Because positive psychology promulgates a perspective focused on building competence, not on correcting weakness, proponents call for a focus on the human strengths that act as buffers against mental maladies. These include optimism, happiness, well-being, empathy, courage, friendship, faith, hope, love, honesty, self-determination, autonomy, insight, future mindedness, positive illusions, perseverance, physical health, wisdom, creativity, altruism, and flow. In each case, the aim of positive psychologists is to investigate how these constructs can foster positive human development. For example, those who emphasize the study of happiness are proponents of an evolutionary psychology in which improving that human quality can be accomplished by remaining in closer proximity or maintaining greater emotional closeness to existing kin, developing deep friendships, reducing subjective distress, managing competitive mechanisms, and exploiting knowledge of evolved desires. Other psychologists suggest that human development and potential can be fostered through the cultivation of an optimistic life view in which the causes of lifes events are interpreted in adaptive and beneficent ways.

The American Psychological Association (APA) has itself embraced this approach toward the study of optimal human functioning, making the first issue of the American Psychologist in the year 2000 a theme issue on positive psychology constructs. The APA has also joined with the John Templeton Foundation to create a new award designed to promote the advancement of the new science. The annual award provides the largest monetary prize ever given in the field of psychology.
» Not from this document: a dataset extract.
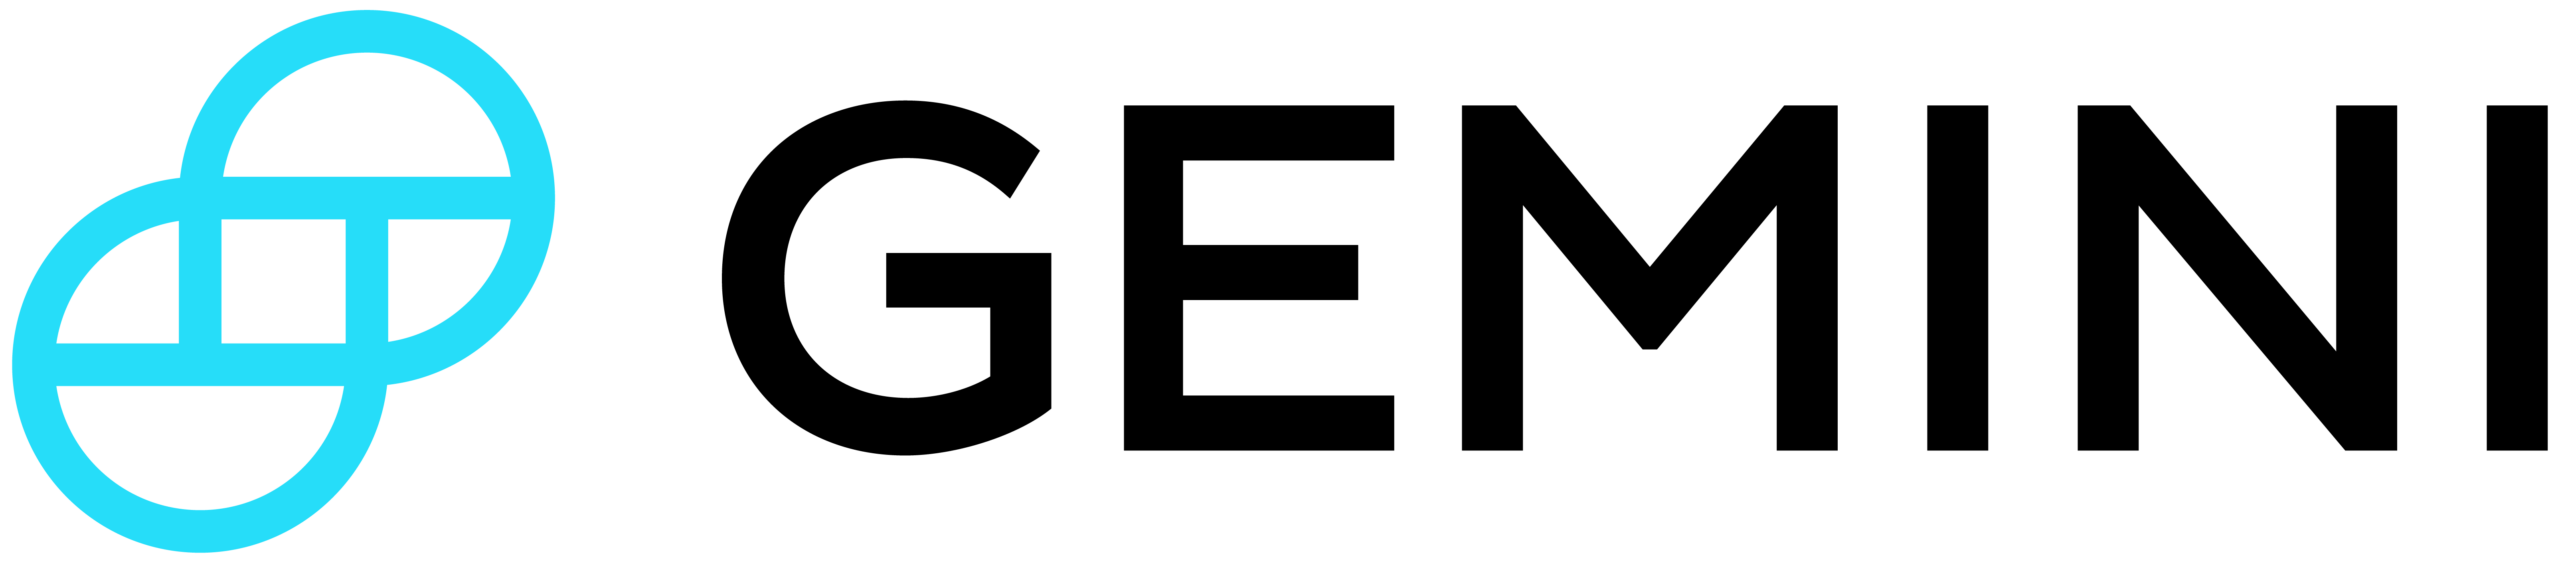 Logo portfela Gemini

In the area of education, researchers hope that insights available from investigations that emphasize a positive psychology will alter the present focus of drawing inferences about adaptive functioning from students who are at-risk or unmotivated to those who are resilient and resourceful. For example, positive psychology seeks to shift the emphasis from research frequently conducted on concepts such as learned helplessness and anxiety to the study of learned optimism and self-efficacy. To these ends, the new researchers urge that positive psychology constructs be integrated with those of traditional and established bodies of educational literature and lines of inquiry.

SEE ALSO Altruism and Prosocial Behavior; Behaviorism; Creativity; Empathy; Flow; Hope; Motivation; Optimism/Pessimism; Psychoanalytic Theory; Self-Determination; Self-Efficacy; Self-Esteem

BIBLIOGRAPHY

Aspinwall, Lisa G., and Ursula M. Staudinger. 2003. A Psychology of Human Strengths: Fundamental Questions and Future Directions for a Positive Psychology. Washington, DC: American Psychological Association.

Seligman, Martin E. P., and Mihaly Csikszentmihalyi, eds. 2000. Positive Psychology. Special issue. American Psychologist 55 (1).

Snyder, C. R., and Shane J. Lopez, eds. 2002. Handbook of Positive Psychology. Oxford: Oxford University Press.